The fun thing about changes on a global scale, is the insight it brings, the earth is not big enough. You could look at this two ways, either we're causing the changes by excess introduction of trace gases into the atmosphere (a theory subscribed to by 97% of all scientists) OR we're unfortunate spectators of some freak variation in nature (this appeals more to the last 3%, and as a bonus a very comforting viewpoint).

Either way we're poorly equipped to handle a worst-case scenario, should this come to pass. Nice reading material on this topic would be James Hansen, a merited professor in NASA's employ (they've been to the moon and back, wich is more than you can say about Exxon Mobil, or Royal Dutch Shell).

Funny language like

Multiple positive feedbacks accelerate the process once it is underway.

The global mean temperature three million years ago was only 2–3 °C warmer than today, while the sea level was 25 ± 10 m higher

proves interesting for sure.

The whole reason this is surprising, is that Hansen, maintains that this is a posibility that we see climate along the lines of this once again, within the immediate future(that being 5m in about 100 years time). This is an estimate that is about 10 times more dramatic than IPCC have proposed(58cm, at most), and not at all satisfying to think about.
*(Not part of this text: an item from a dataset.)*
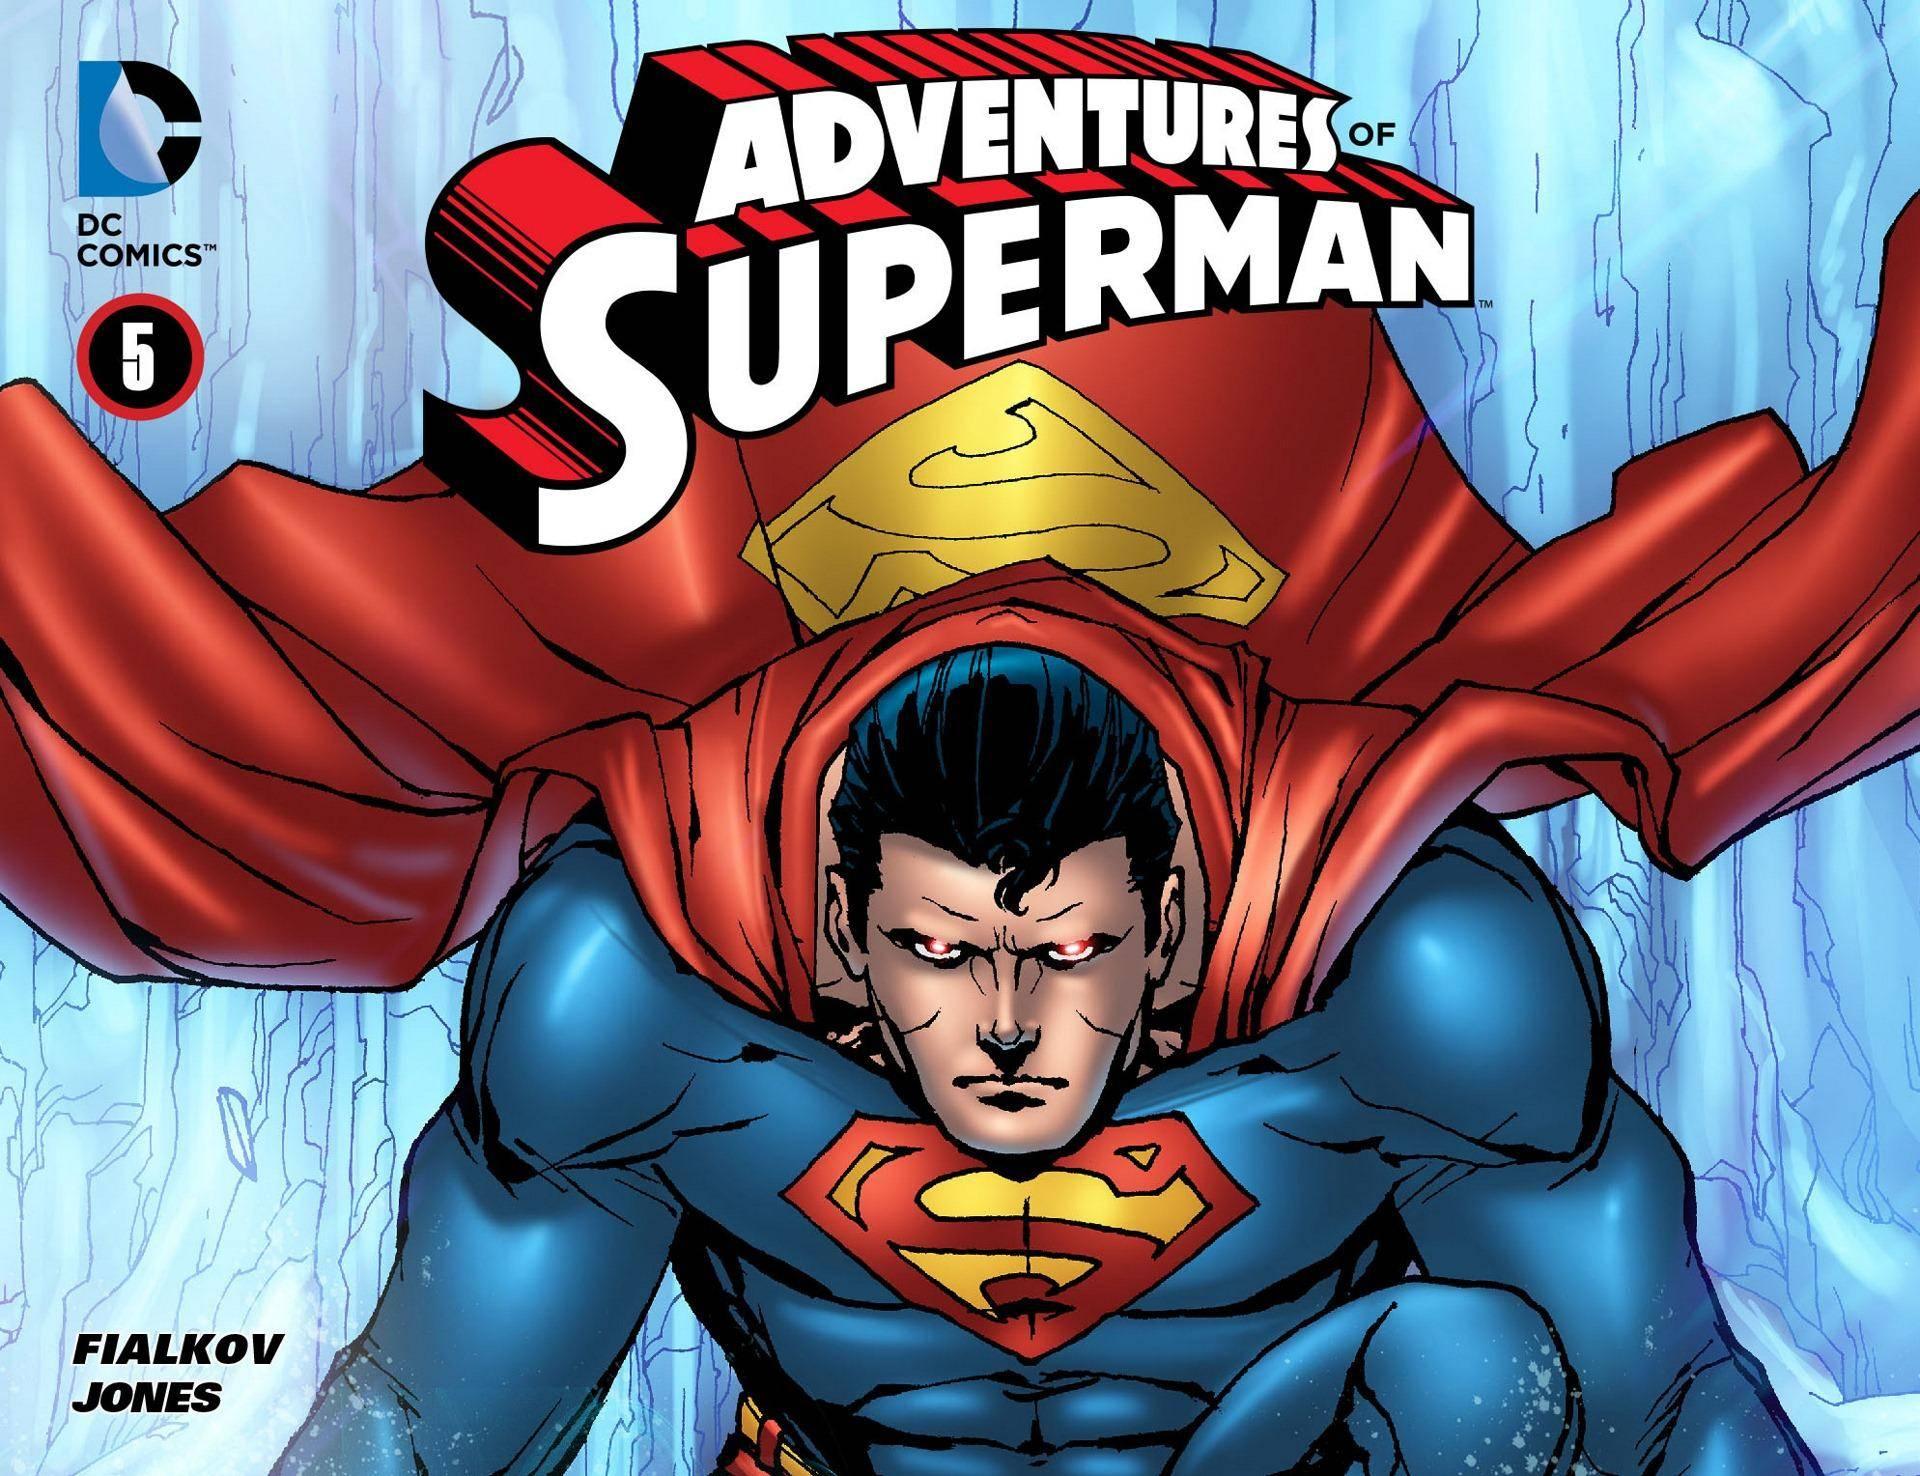 Adventures of Superman 005 2013 Digital

Consider this; where are you at 5m higher sea level? And your immediate infrastructure, and your national and international economic system. It's long story short a challenge of impossibly big proportions, and a perfectly natural human reflex is to shy away from problems at this scale. And then we're not even talking of the consequences of the new and exiting weather pattern.. It just might be time to grow your own potatoes again.

Why the big difference in numbers? IPCC have to be 110% sure of any statement they put out, so naturally they're vague about effects that they do not have a good predictive model of. Possible rapid dynamical response of the ice sheet, is one of the factors that are impossible to estimate with a high level of confidence, and are therefore not included in the IPCC models. Wich is a shame.